Saturday, October 28, 2006

C Add-Ins in Excel: Performance Comparison with VBA

As Excel is also applied in order to solve industry level business problems, and as therein the speed will be of the essence, the choice of programming in VBA could become unfeasible. In such cases critical parts can be developed in C, which is the topic of this post.

It is curious to note that while other language choices in Microsoft Visual Studio are well documented, writing an Xll in C – that is, registering it, exchanging data via XLOPER structure and running C API – is much more of an uncharted water.

There still exists some vital material: for instance a thorough book “Excel add-in development in C/C++, Applications in Finance” by Steve Dalton. On the net an example of a guide would be interpolation add-in by JChampion, which also goes over the basic concepts, and might be a better read, than Microsoft’s own material on the net.

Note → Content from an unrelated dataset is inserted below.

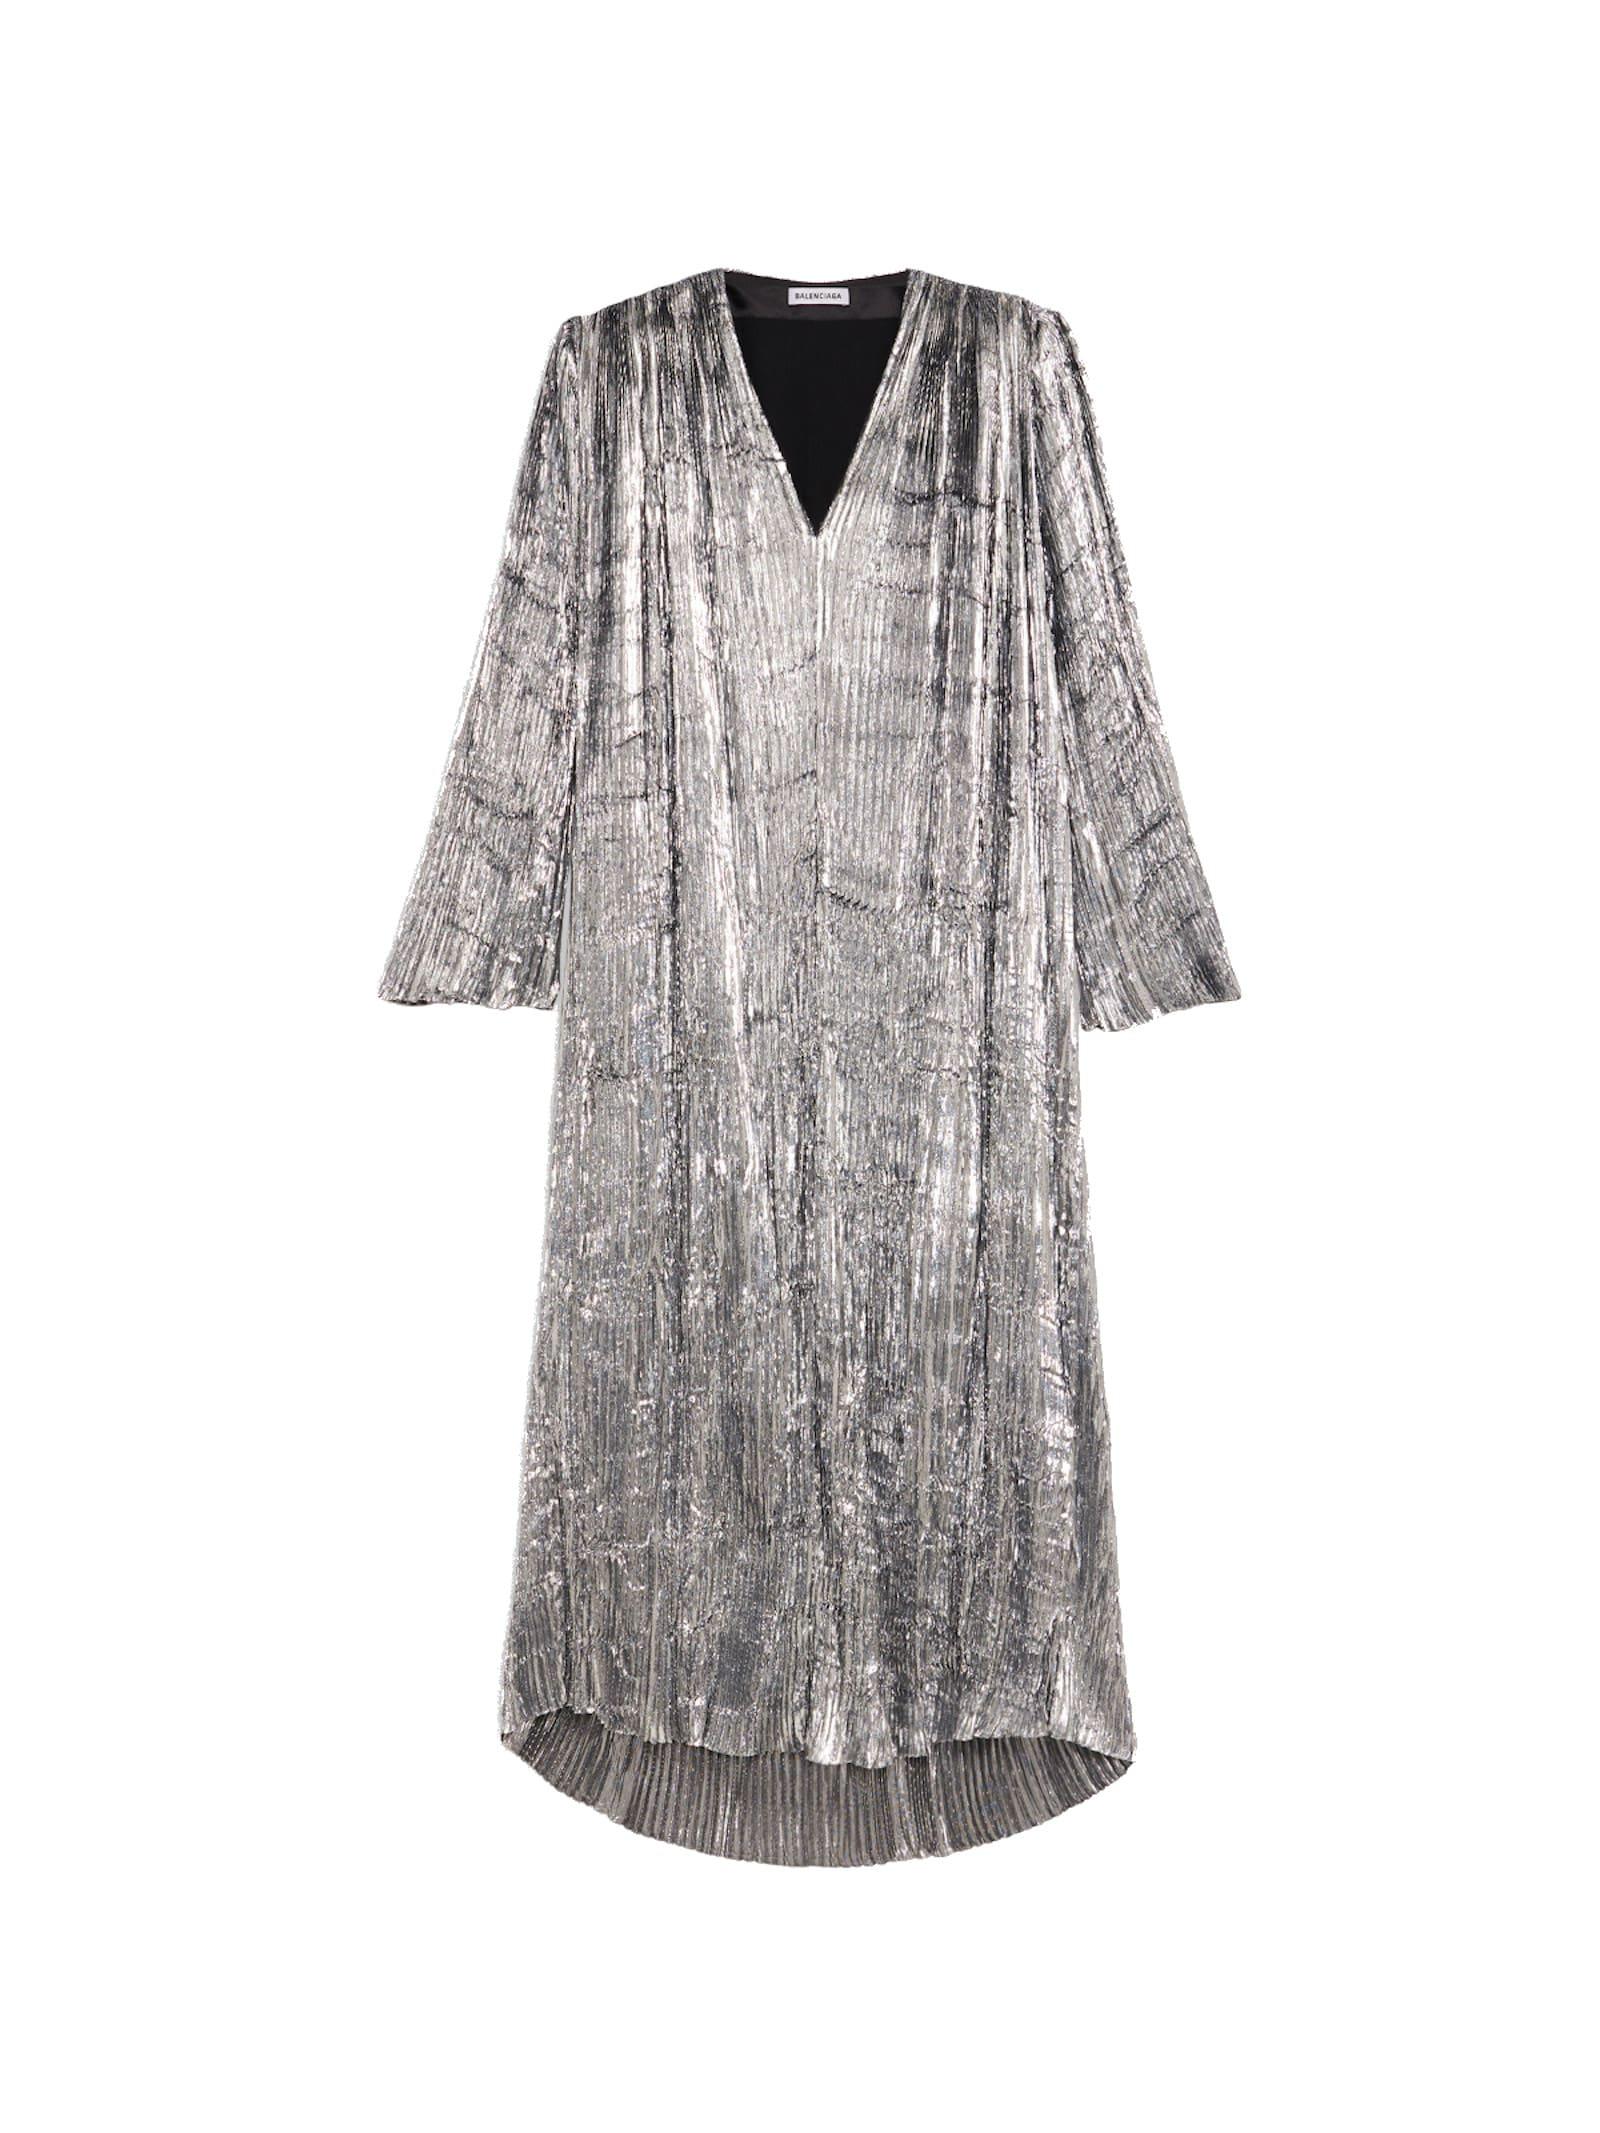 Buy Balenciaga Pleated Dress Long Lurex online, shop Balenciaga with free shipping

The example is as follows. The idea was to test C at its best: to have it make 137 000 000 comparisons of text based on Excel data. (Text comparisons should have the biggest superiority of performance in C, because of how it handles the data type).
The data (which is interesting on its own!) comes from perhaps the biggest publicly available database of owners in Estonia –
the daily list of the owners of the stock of company Tallink, consisting of records on about 16000 entities. The add-in works as follows – it is an array formula that compares two snapshots of data and writes out stock owners, who are present in both periods. No optimization of the algorithm is done – just a plain one by one comparison.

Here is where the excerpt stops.